● Given data:
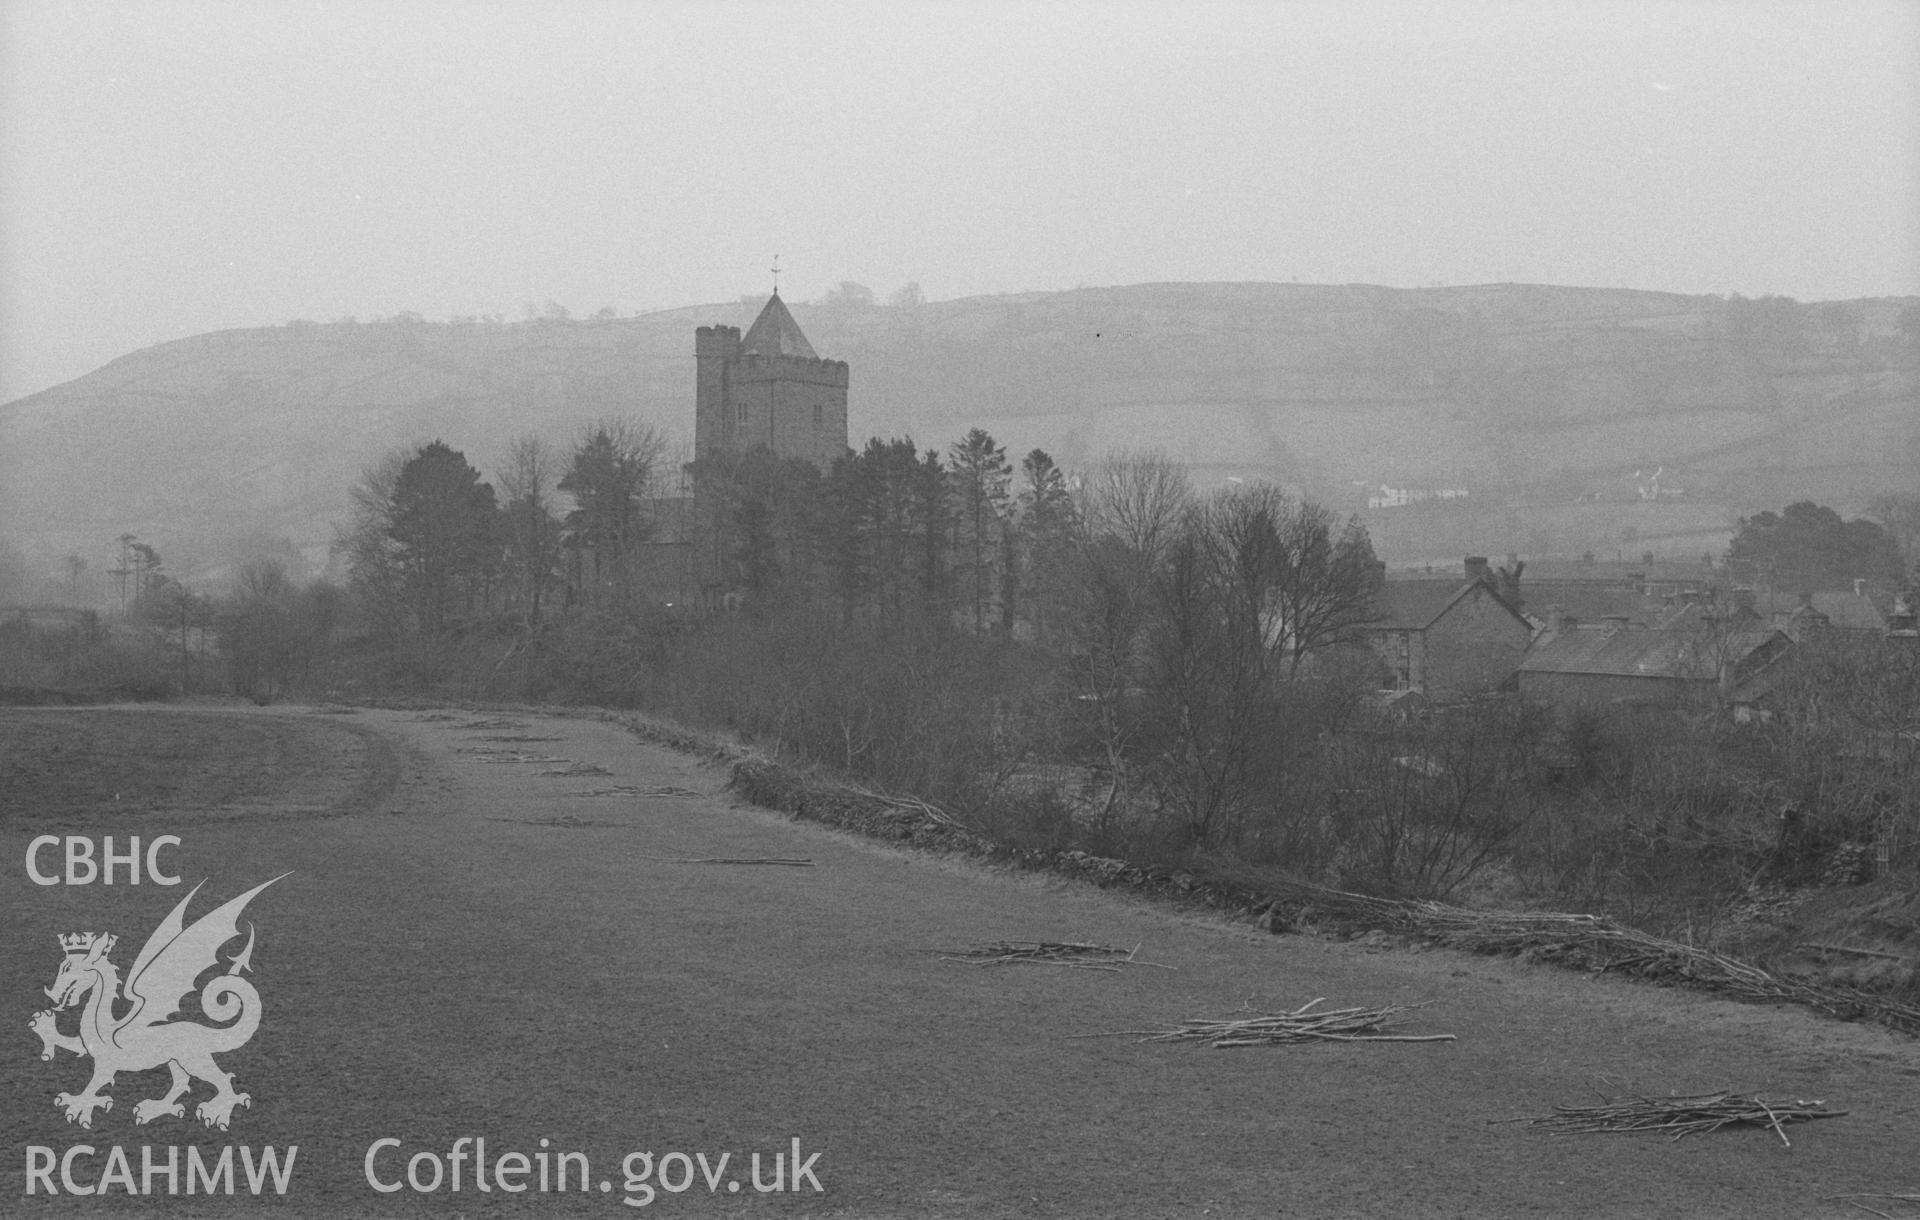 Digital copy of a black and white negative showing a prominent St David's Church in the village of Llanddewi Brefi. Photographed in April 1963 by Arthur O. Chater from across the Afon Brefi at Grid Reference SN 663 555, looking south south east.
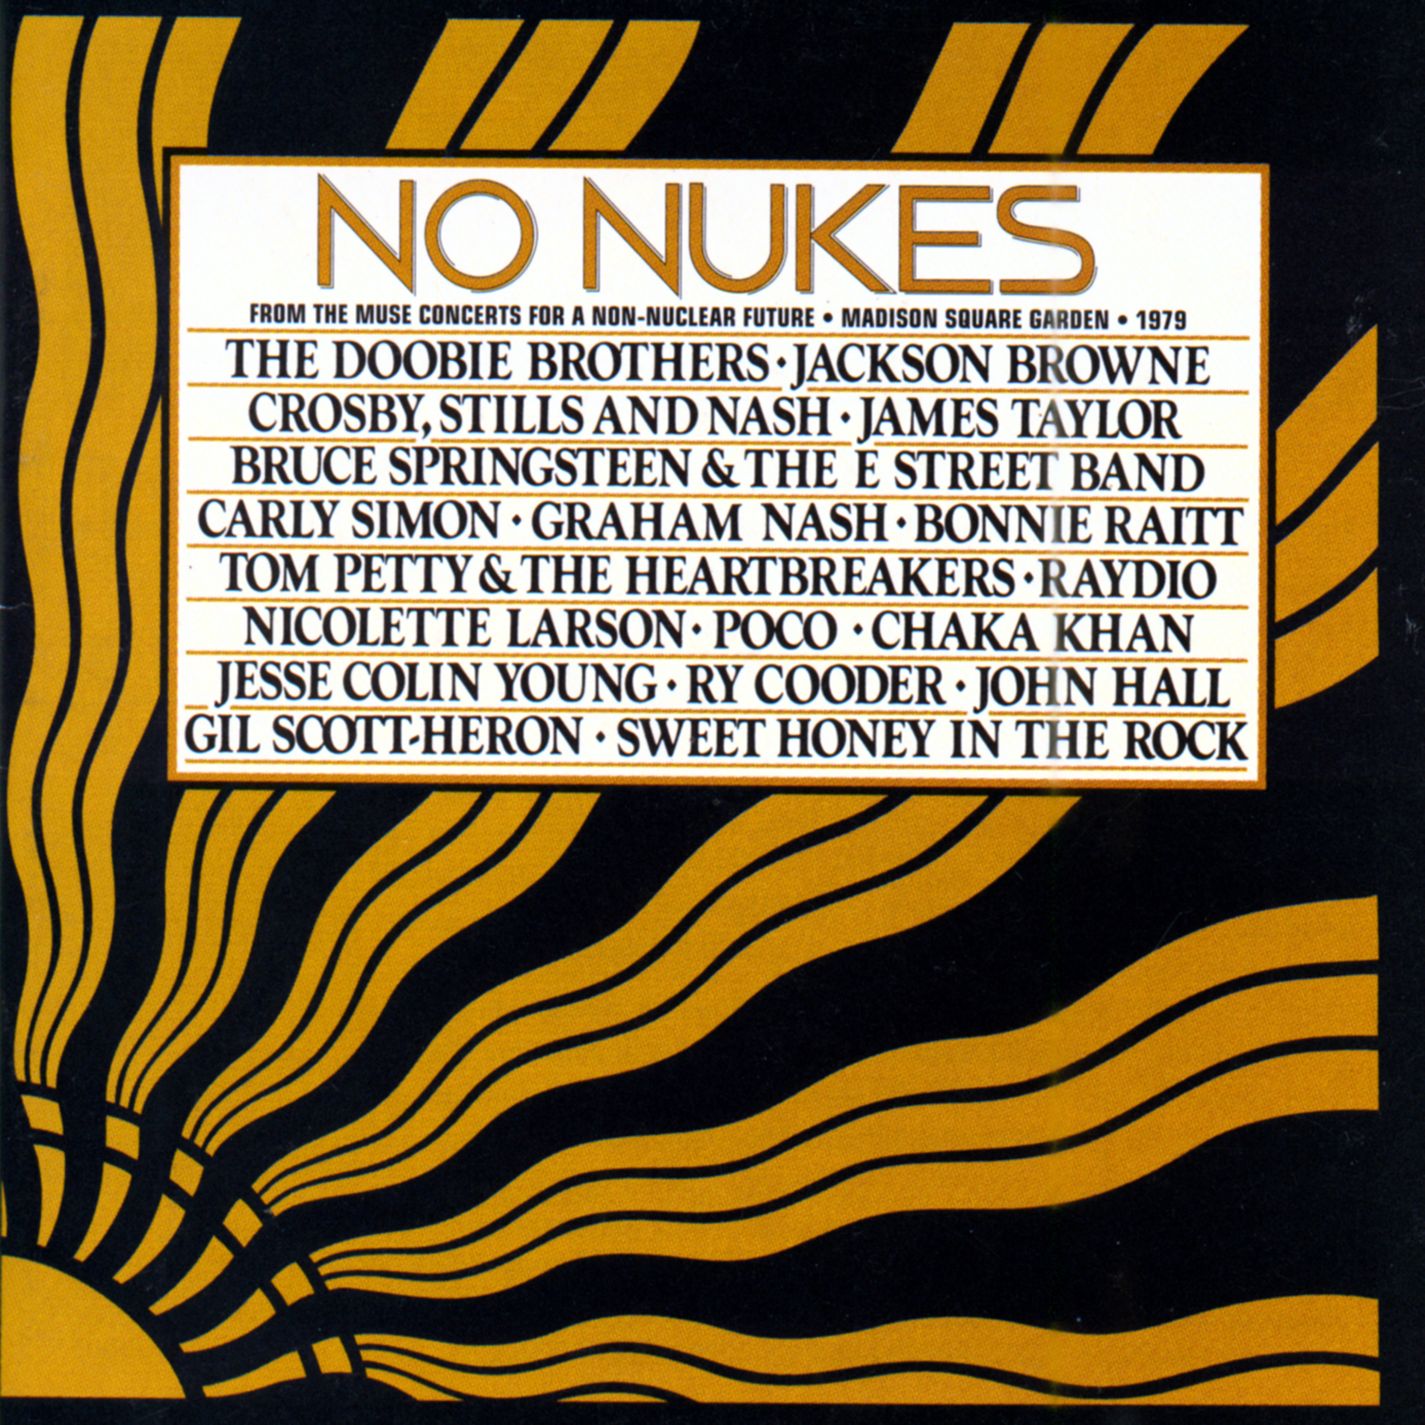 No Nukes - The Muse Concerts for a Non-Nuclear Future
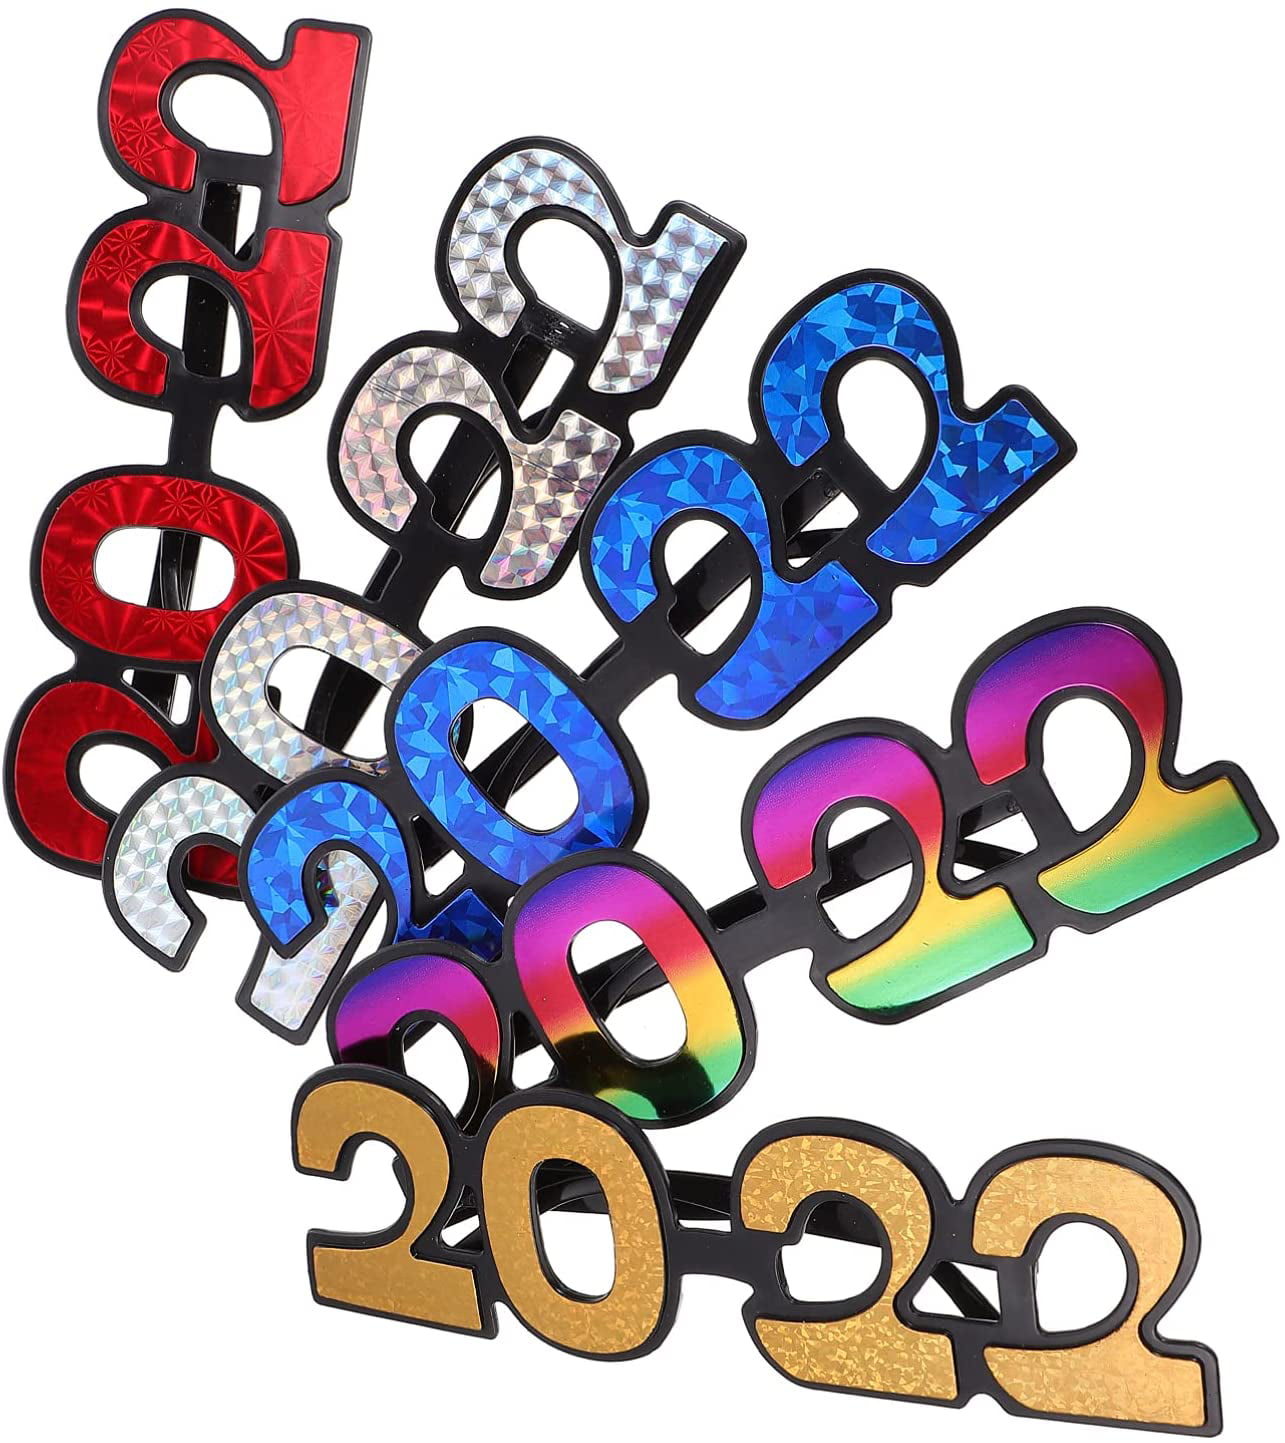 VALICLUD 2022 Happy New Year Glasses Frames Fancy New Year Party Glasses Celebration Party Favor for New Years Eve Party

● Problem description: Take the lines from the one containing "No Nukes - The" through the final line of the listing above and print them exactly, including both ends but no pictures.

● Solution to this task:
 No Nukes - The Muse Concerts for a Non-Nuclear Future
 VALICLUD 2022 Happy New Year Glasses Frames Fancy New Year Party Glasses Celebration Party Favor for New Years Eve Party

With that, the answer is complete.